**Assignment:** Start to finish, return the listing below exactly, pictures excluded.

**Provided material:**
··········

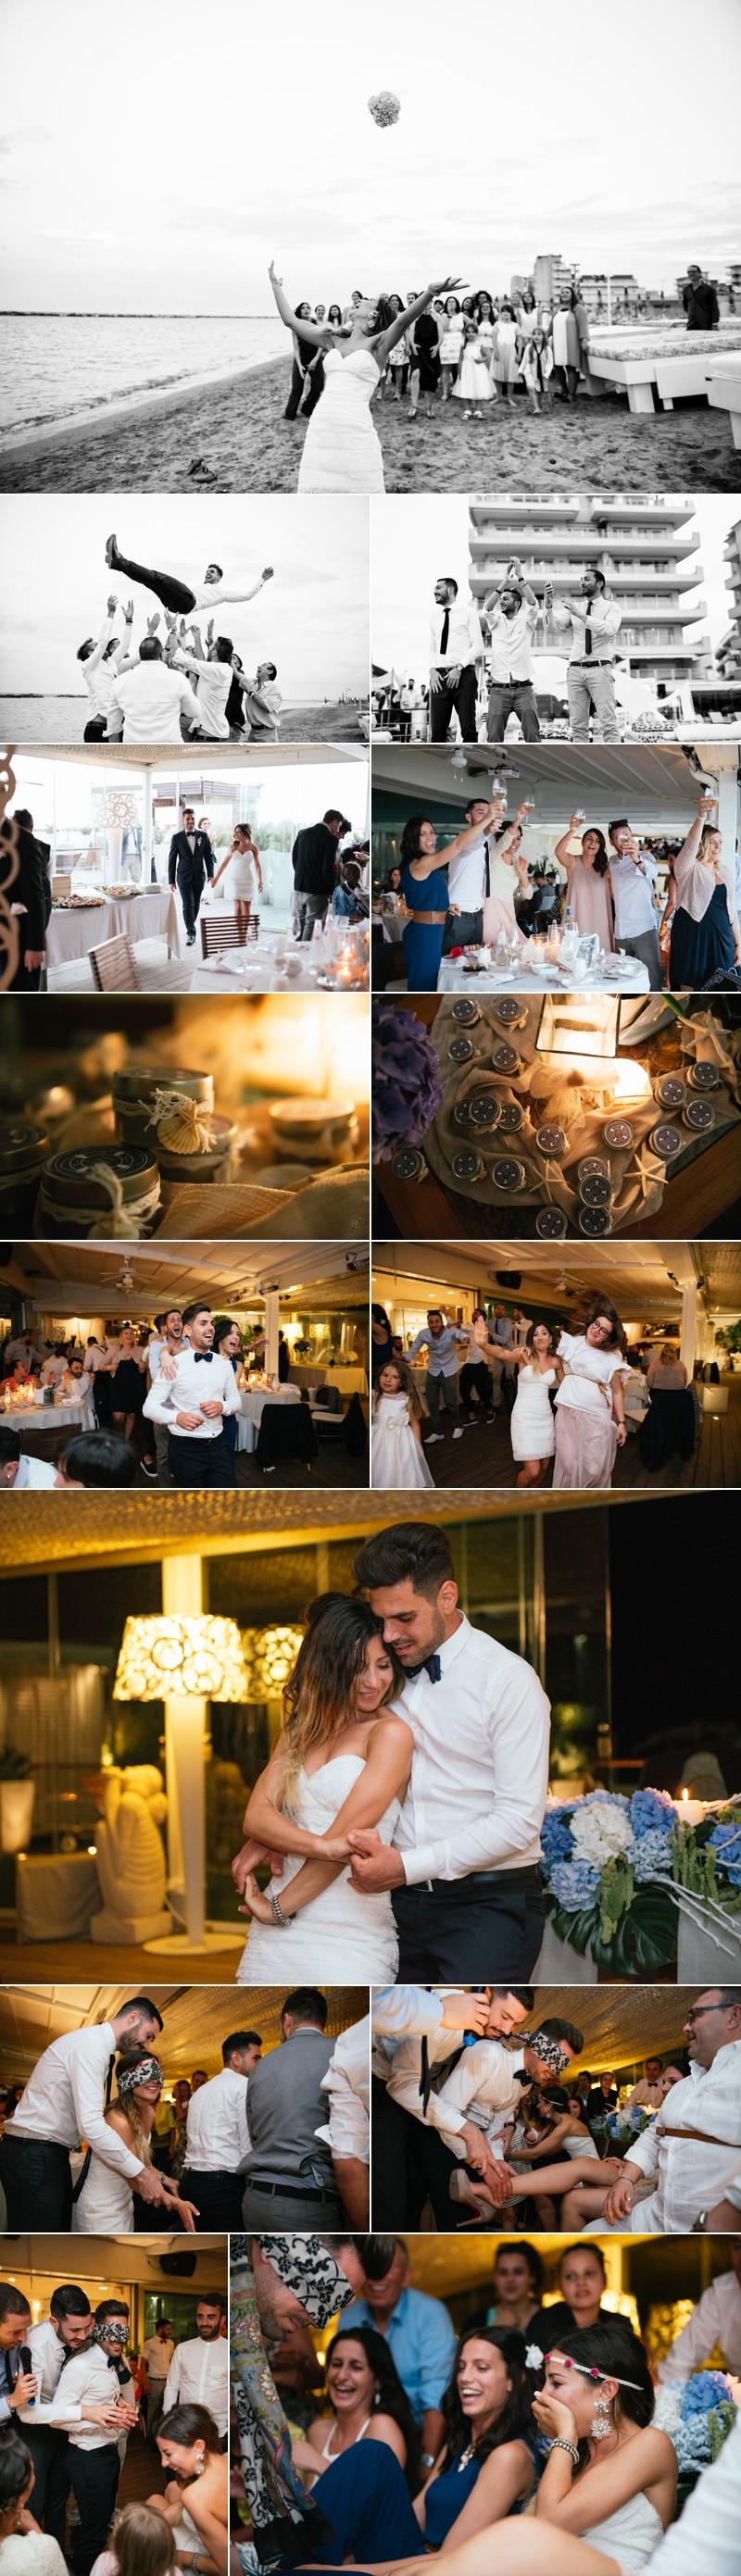 Matrimonio Cesena Vistamare Suite Hotel Savio 8
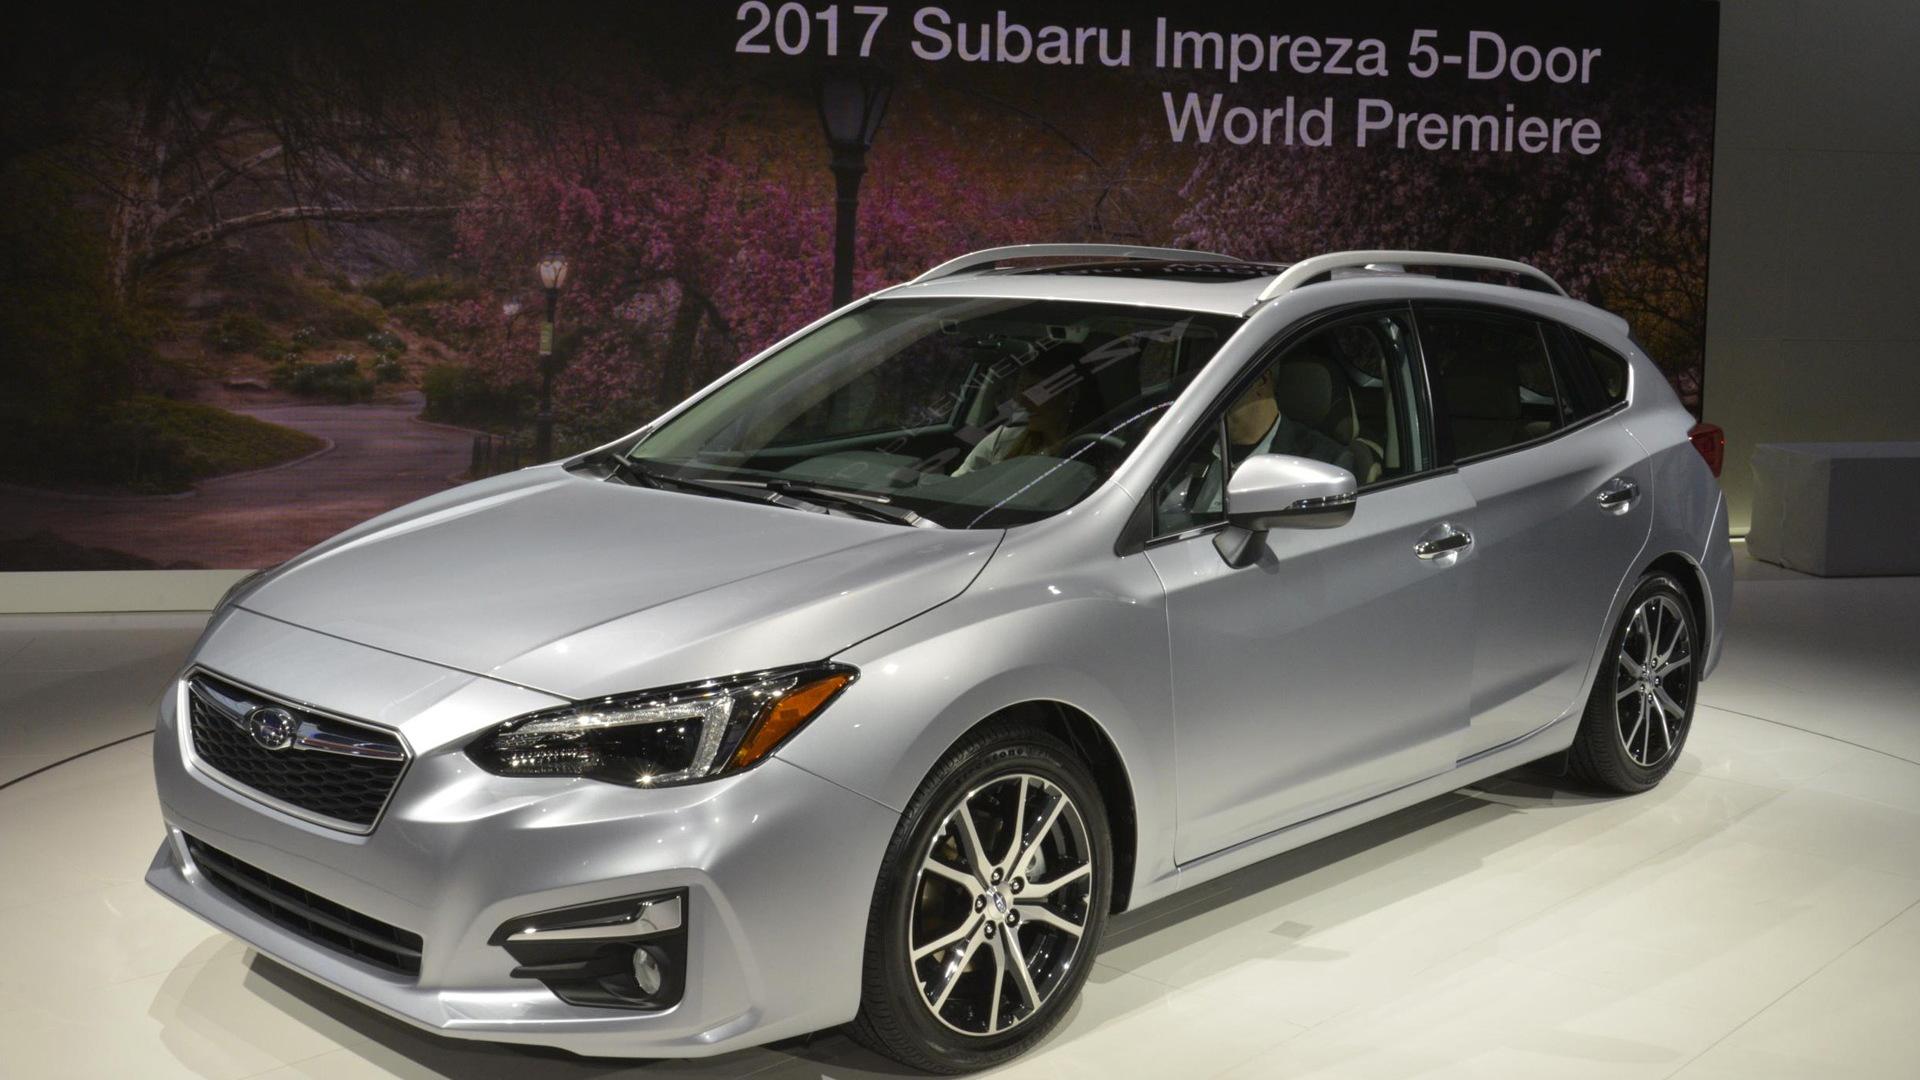 2017 Subaru Impreza 5-Door, 2016 New York Auto Show
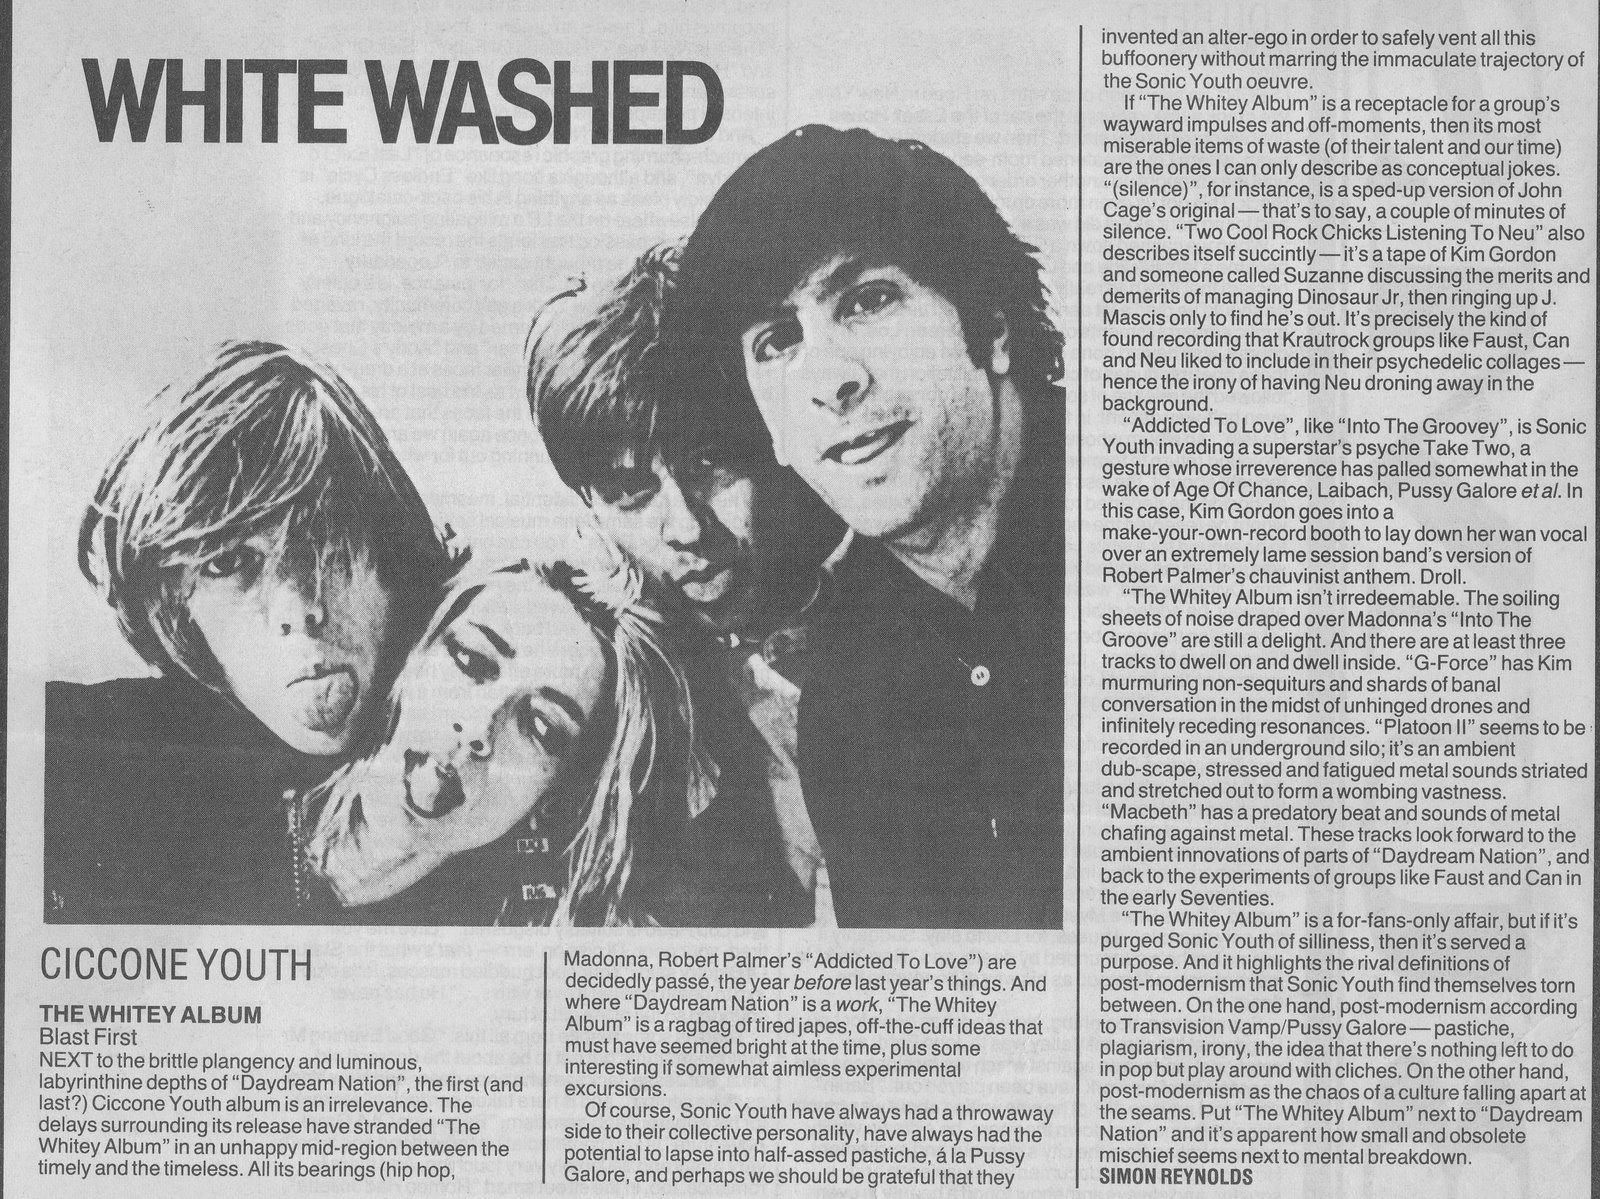 Ciccone Youth Lyrics, Music, News and Biography | MetroLyrics
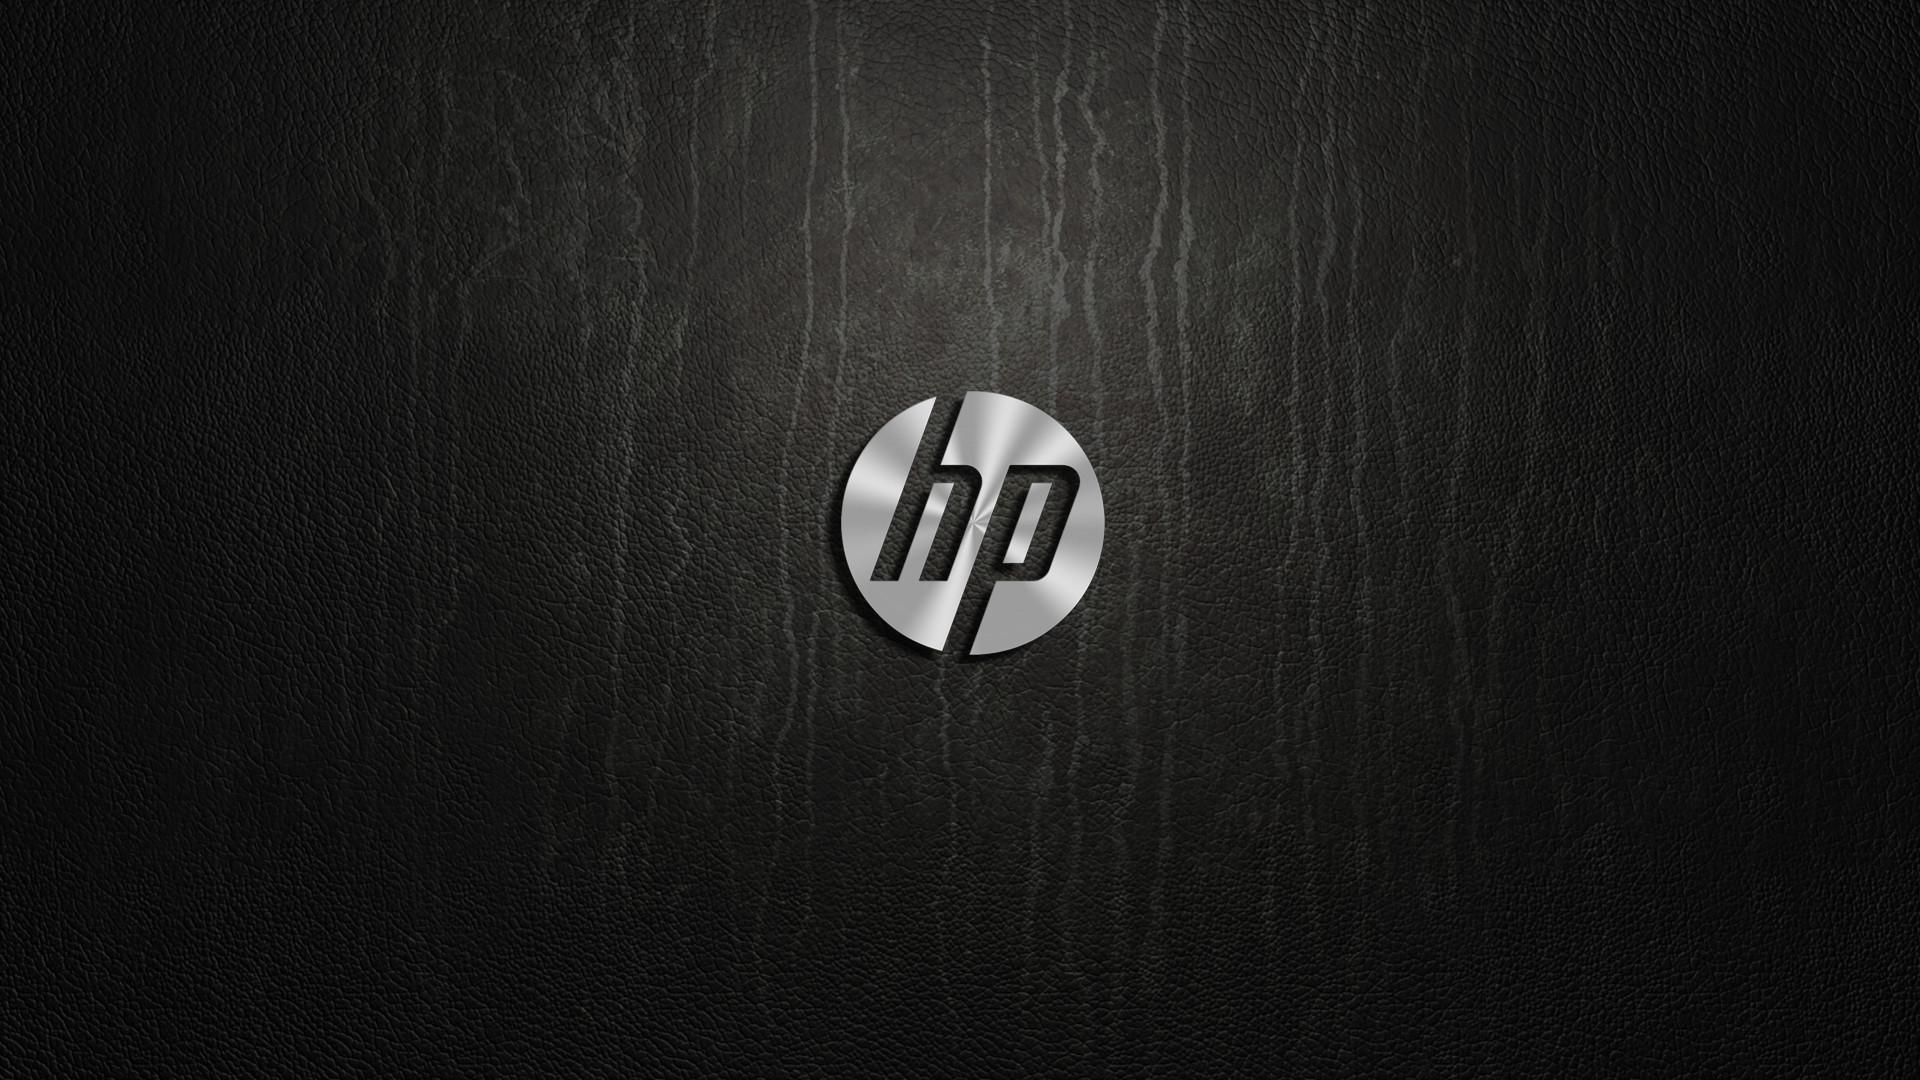 Hp 4k Wallpaper 70 Images

··········

**Result of the exercise:**
 Matrimonio Cesena Vistamare Suite Hotel Savio 8
 2017 Subaru Impreza 5-Door, 2016 New York Auto Show
 Ciccone Youth Lyrics, Music, News and Biography | MetroLyrics
 Hp 4k Wallpaper 70 Images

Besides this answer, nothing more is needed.